- **WORK REQUIRED**
Everything from the line containing "Teckwrap Reflective HTV | Coconut White" to the end of the listing, both included, should be returned exactly, apart from the pictures.

- **SUPPLIED MATERIAL**
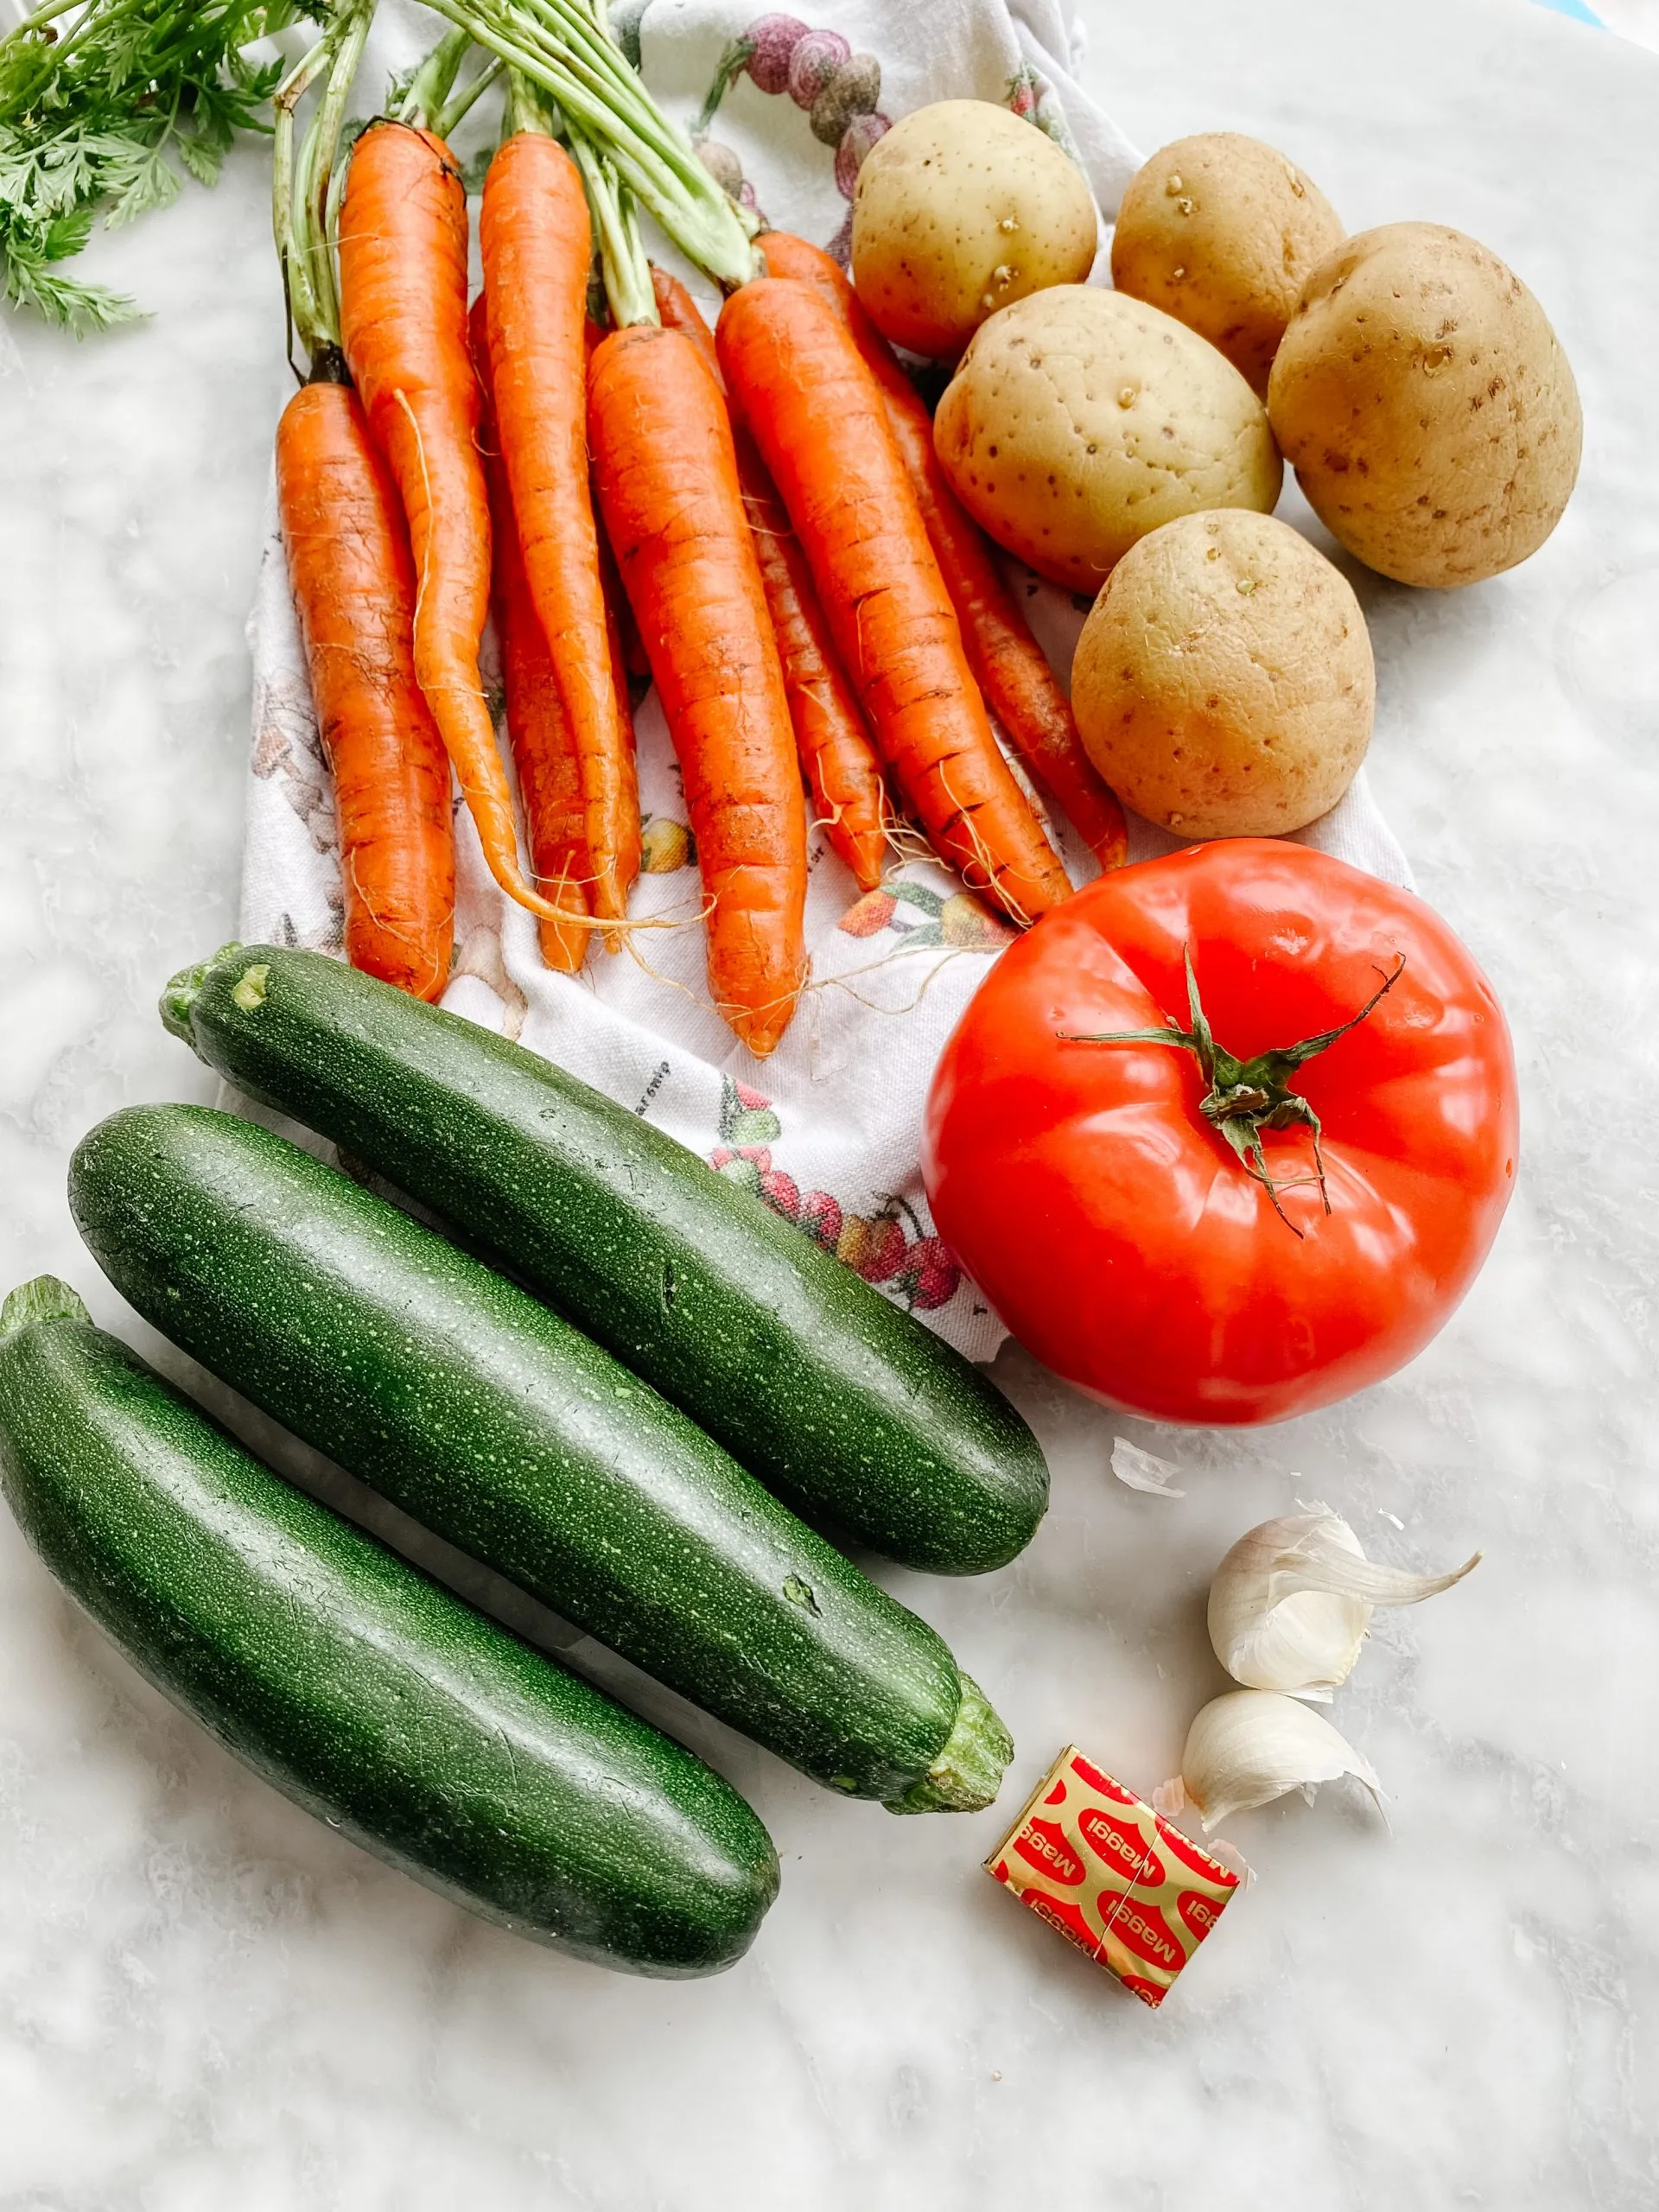 making Potage aux légumes ingredients: tomatoes, zucchini, potatoes, carrots, garlic and bouillon
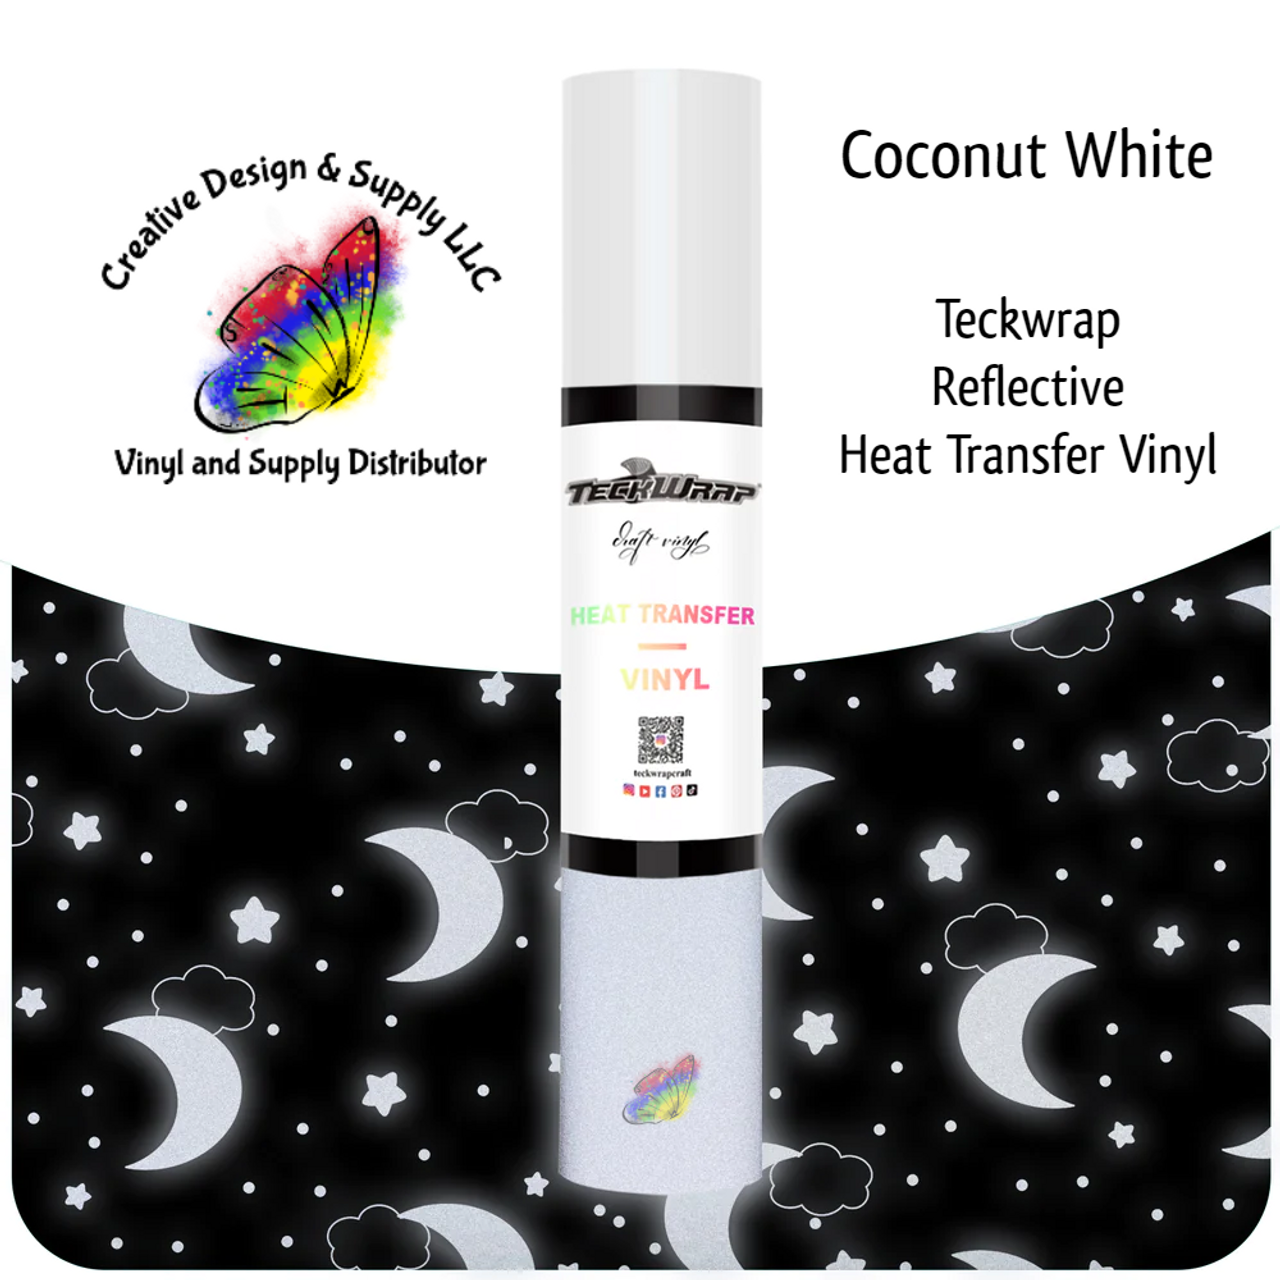 Teckwrap Reflective HTV | Coconut White
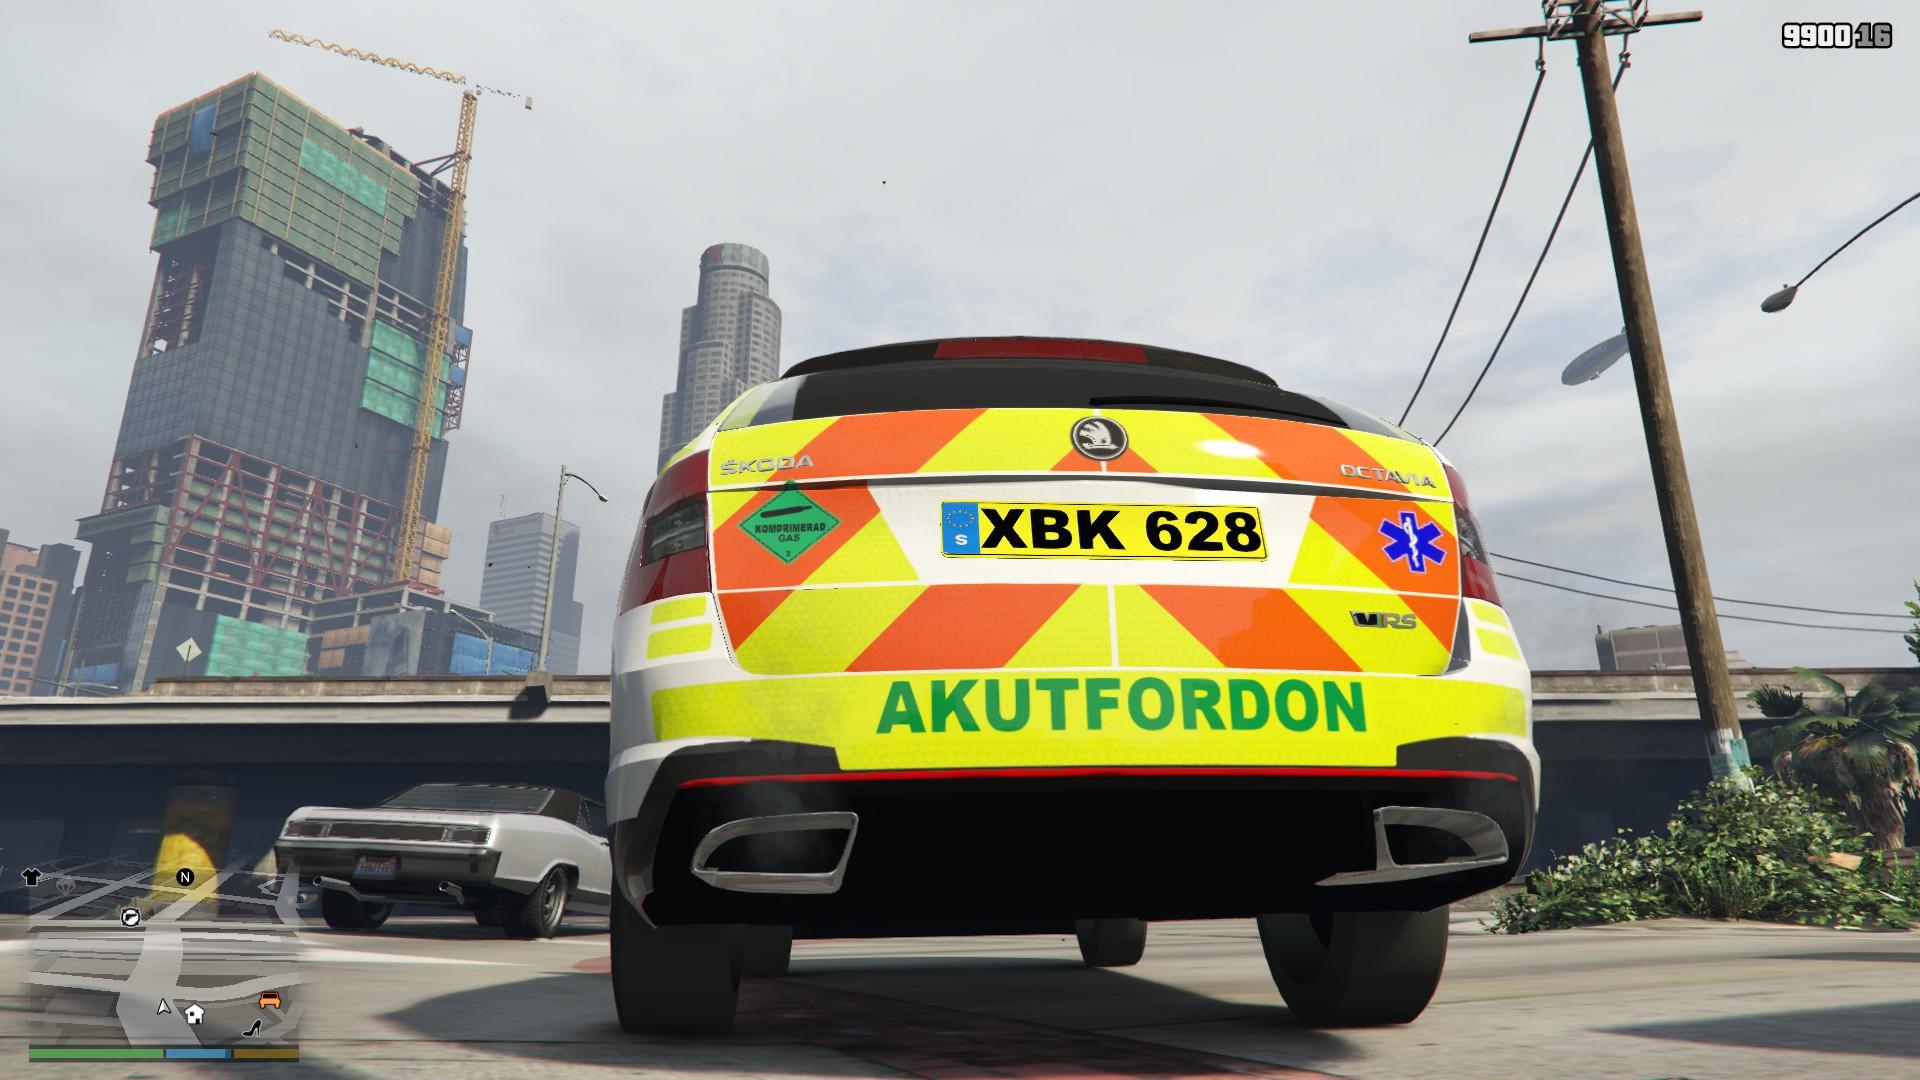 Swedish emergency vehicle EMS GTA5 Mods com

- **SOLVED EXERCISE**
 Teckwrap Reflective HTV | Coconut White
 Swedish emergency vehicle EMS GTA5 Mods com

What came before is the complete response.